If it is determined negative in step S3 by maintaining the input rotational speed in the predetermined range or in the predetermined range, the routine shown in FIG. 1 is temporarily terminated. On the other hand, if the determination is positive in step S3 because the input rotational speed is out of the predetermined range or has changed so as to deviate, the moment of inertia and power of the first motor / generator 2 are determined. Based on the gear ratio of the planetary gear mechanism constituting the dividing mechanism 3 or the gear ratio between the first motor / generator 2 and the clutch 5, a correction torque for the torque of the first motor / generator 2 is obtained. The torque is corrected (step S4). The correction torque can be determined by the inertia torque when changing the input rotational speed to the target rotational speed and the torque difference according to the difference between the rotational speeds, and can be calculated by the following equation (2), for example. .
Here, Tg_add is the correction torque, Ig is the moment of inertia of the first motor / generator 2, and ΔNin _tgt is the allowable rotational speed from the target rotational speed. Therefore, the predetermined range is centered on the target rotational speed. ± ΔNin _tgt . Furthermore, Δt is the time required for the input rotation speed to be out of the predetermined range, and can be obtained based on the change gradient of the input rotation speed. Tg _ofset is a torque required to return the input rotational speed to the target rotational speed, and can be obtained from the deviation between the input rotational speed and the target rotational speed.
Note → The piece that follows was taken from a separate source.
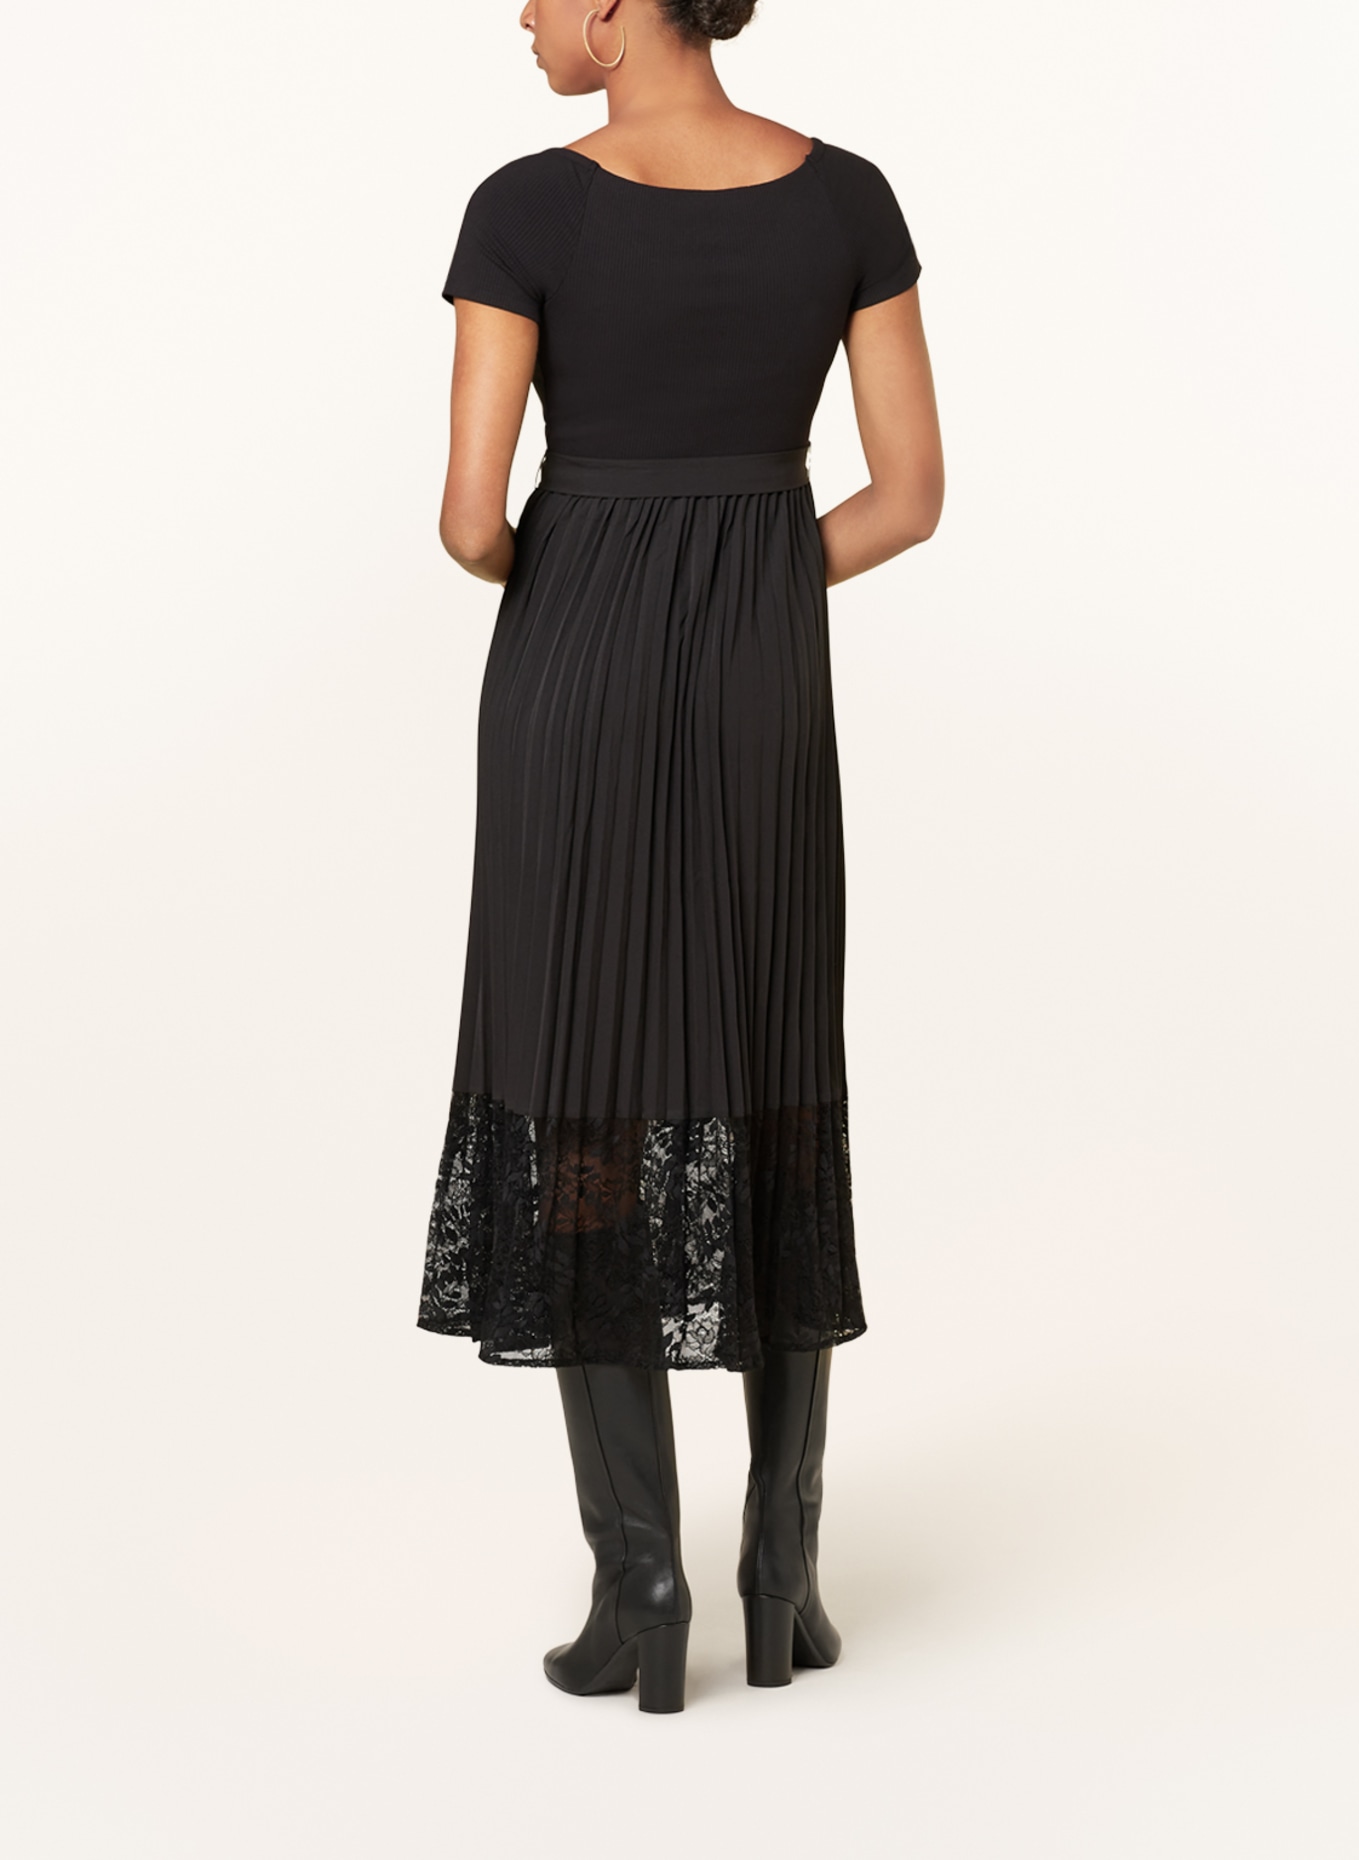 GUESS Dress TIANA in mixed materials with lace, Color: BLACK (Image 3)

  The torque command value of the first motor / generator 2 is corrected by the correction torque Tg_add when the input rotational speed deviates from the target rotational speed by a predetermined value or more. For example, when the input rotational speed decreases by a predetermined value or more with respect to the target rotational speed, the torque command value of the first motor / generator 2 is increased, and conversely, the input rotational speed is a predetermined value with respect to the target rotational speed. When the rotational speed is high as described above, the torque command value of the first motor / generator 2 is decreased. Changes in the torque command value, the clutch torque command value, and the rotation speed of the first motor / generator 2 when such correction control is performed are shown in FIG. 2 and FIG. 3 as compared with the case where correction control is not performed. It is shown as a chart.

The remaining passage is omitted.